The relationship between Cloud & cost

ITRS Group customers; and Cloud

Our customers are continuing to move workloads from traditional on-premise data centres to cloud platforms, orchestrated container environments (e.g. Kubernetes or Openshift) or both.  In our previous newsletter we talked about work we have done to support these environments – running in the cloud, getting data from cloud platforms, running in orchestrated environments, and capturing data from inside applications.

In this newsletter we are focussed on one additional aspect of these environments: cost.

Most businesses are wasting 35% of their cloud spend

That 35% figure is an industry average – we have seen some examples where the number is above 50%.  Why is this happening?  The answer is that companies are using old world processes in the new cloud world.  In the old world, the capacity required for an application would be decided when the application was launched, and then only revisited if the app had performance problems.  This made sense because once the servers and storage were deployed, the cost was spent and couldn’t be recovered.

In the new world, that cost is incurred every hour of every day that the application is running, and companies need to take advantage of cloud flexibility to control it.  After applications are deployed, as part of the DevOps cycle, the allocated capacity should be reviewed regularly and revised to align with requirements.

As a simple example, if the application only runs 8am to 6pm on weekdays, then the instances should be shut down outside of those hours; at the more complicated end of the scale, instances need to be right-sized.

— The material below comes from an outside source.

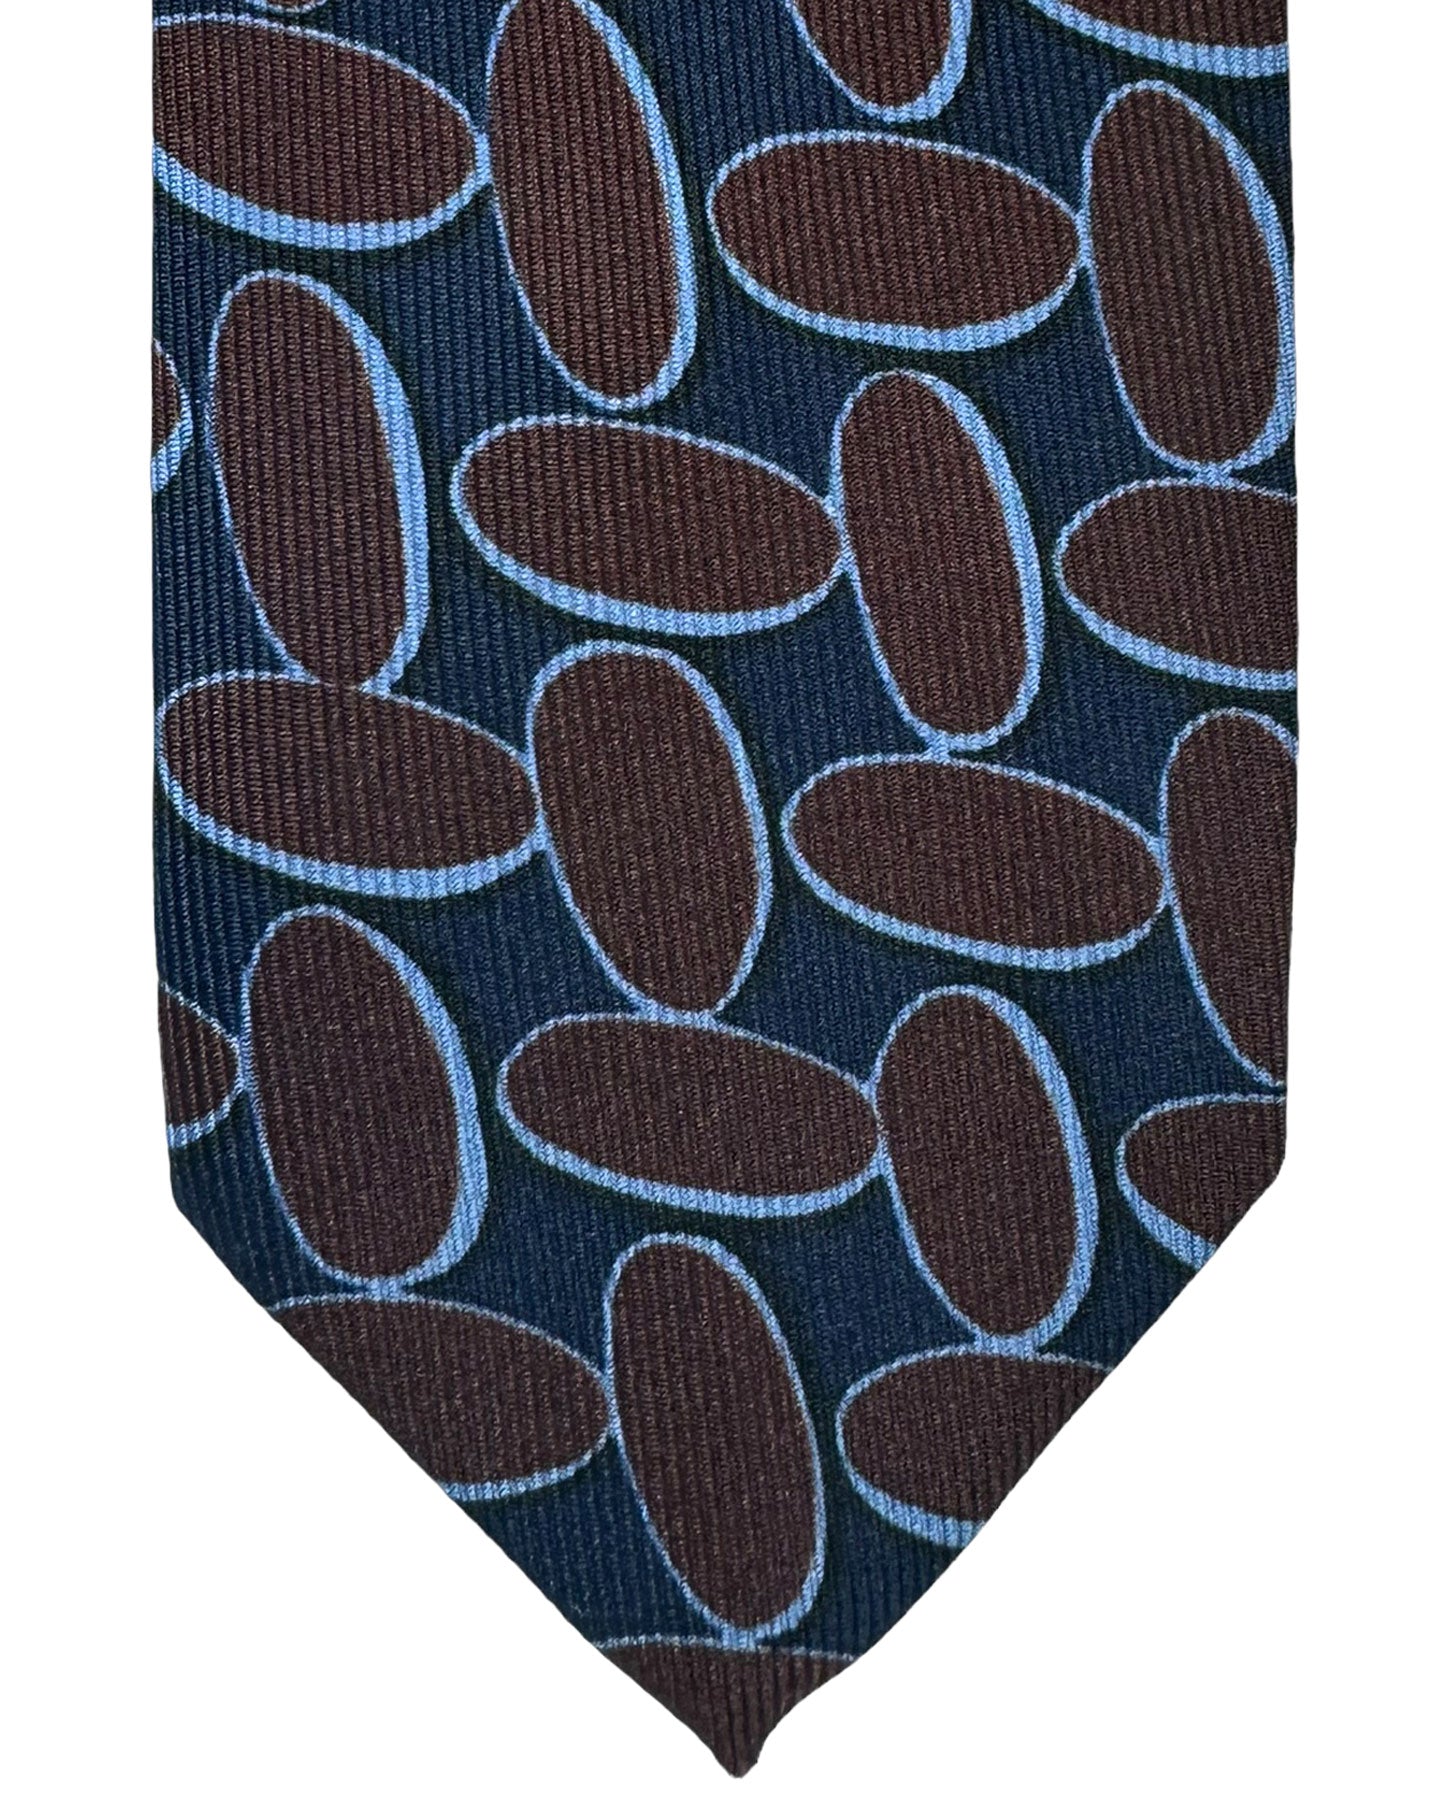 Barba Sevenfold Tie Midnight Blue Brown Ovals Design - Sartorial Neckwear 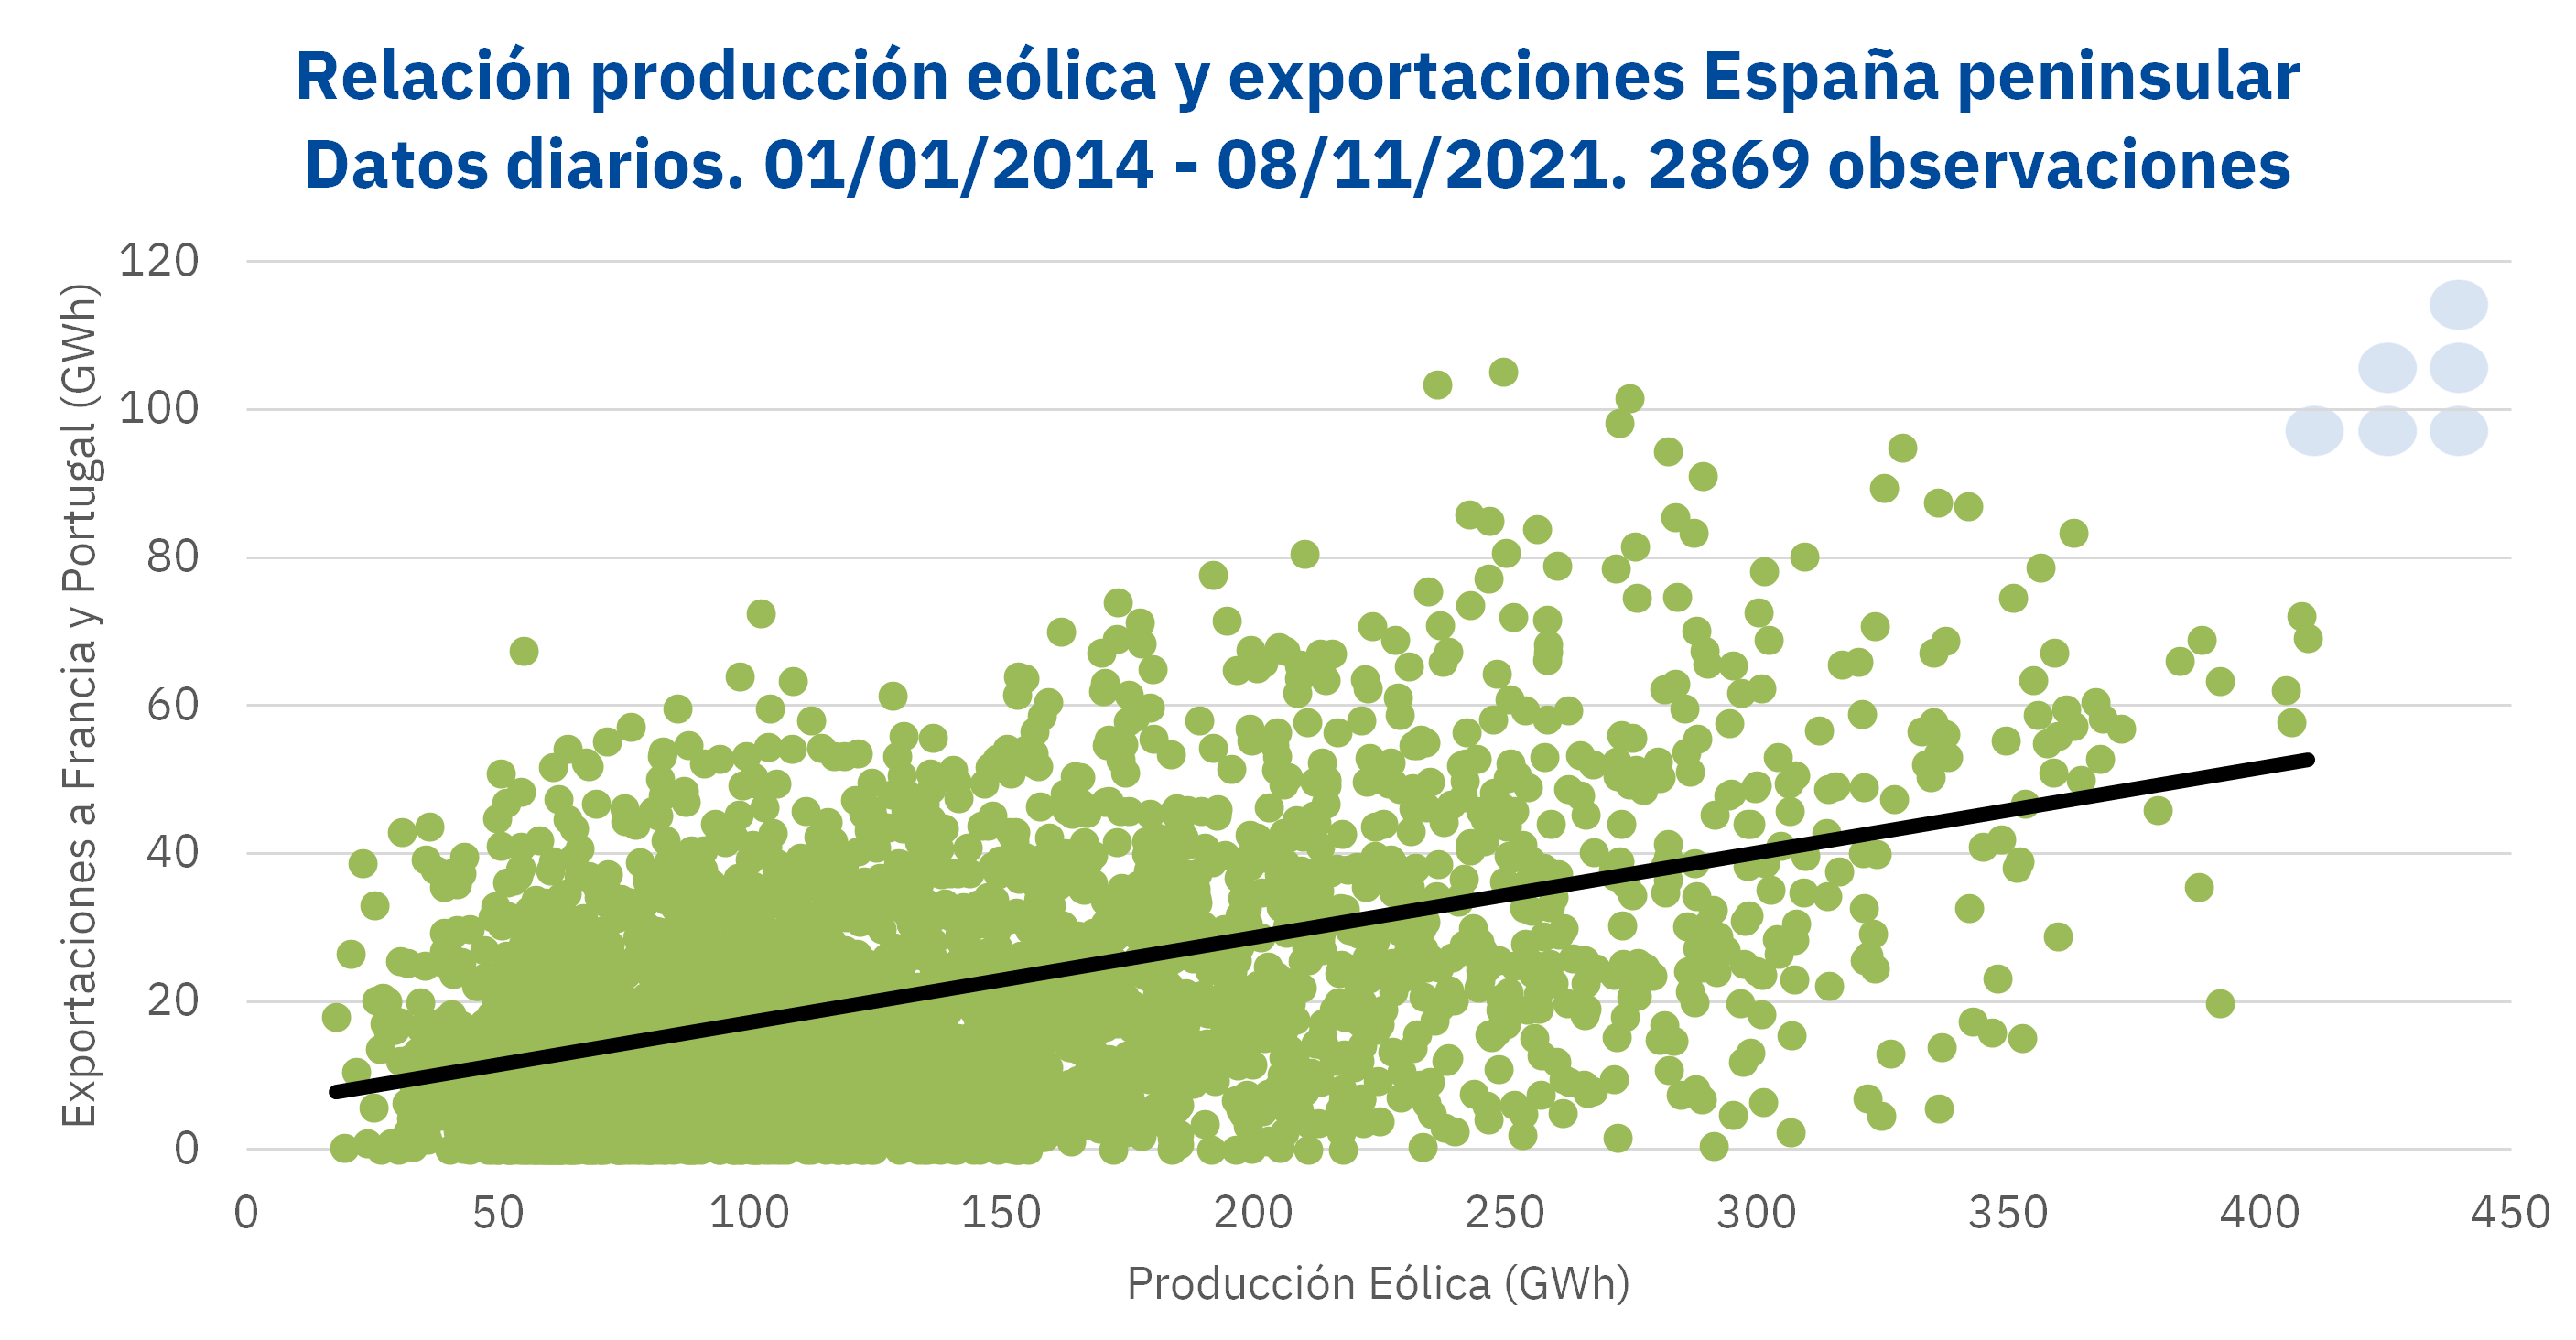 AleaSoft - Relacion produccion eolica exportaciones espanna peninsular

Businesses need to regularly right-size their cloud

Cloud providers like AWS offer literally hundreds of instance types, in dozens of locations, all at different price points.  As you go up the scale, the price per hour typically doubles at each step – so if you are using an instance that is one size too big for your needs then you are spending double what you need to.
Our Cloud Cost Optimizer (CCO) will automatically analyse the usage of every instance over the last three months and recommend the most cost-efficient alternative; soon, it will even make comparisons across multiple cloud providers.

They also need to right-buy

The cloud providers also add complexity in the form of multiple purchase plans.  Typically, you can achieve a much lower per-hour cost if you commit to using that type of instance for a year or more (in the same way that the nightly cost of house on a one-year lease is way lower than for a 3-night AirBnB stay).  But to determine the optimal commitment across thousands of instances, with dozens of different characteristics is not easy – we have seen examples where customers have paid for these plans and are losing money on them (in fact, this is so common that Amazon even has a secondary market where you can resell this pre-paid capacity).

Again, CCO has customers covered for this.  It automatically compares customers existing spend for their existing platforms, with a range of alternatives using pricing rules automatically captured from the cloud platforms on a daily basis.

Cost is the new Capacity

In summary, cloud platforms provide elastic capacity, but at a cost.  Customers are no longer limited by the infrastructure they have in their data centres, but by their budgets.  CCO helps them ensure they get the best bang for their buck.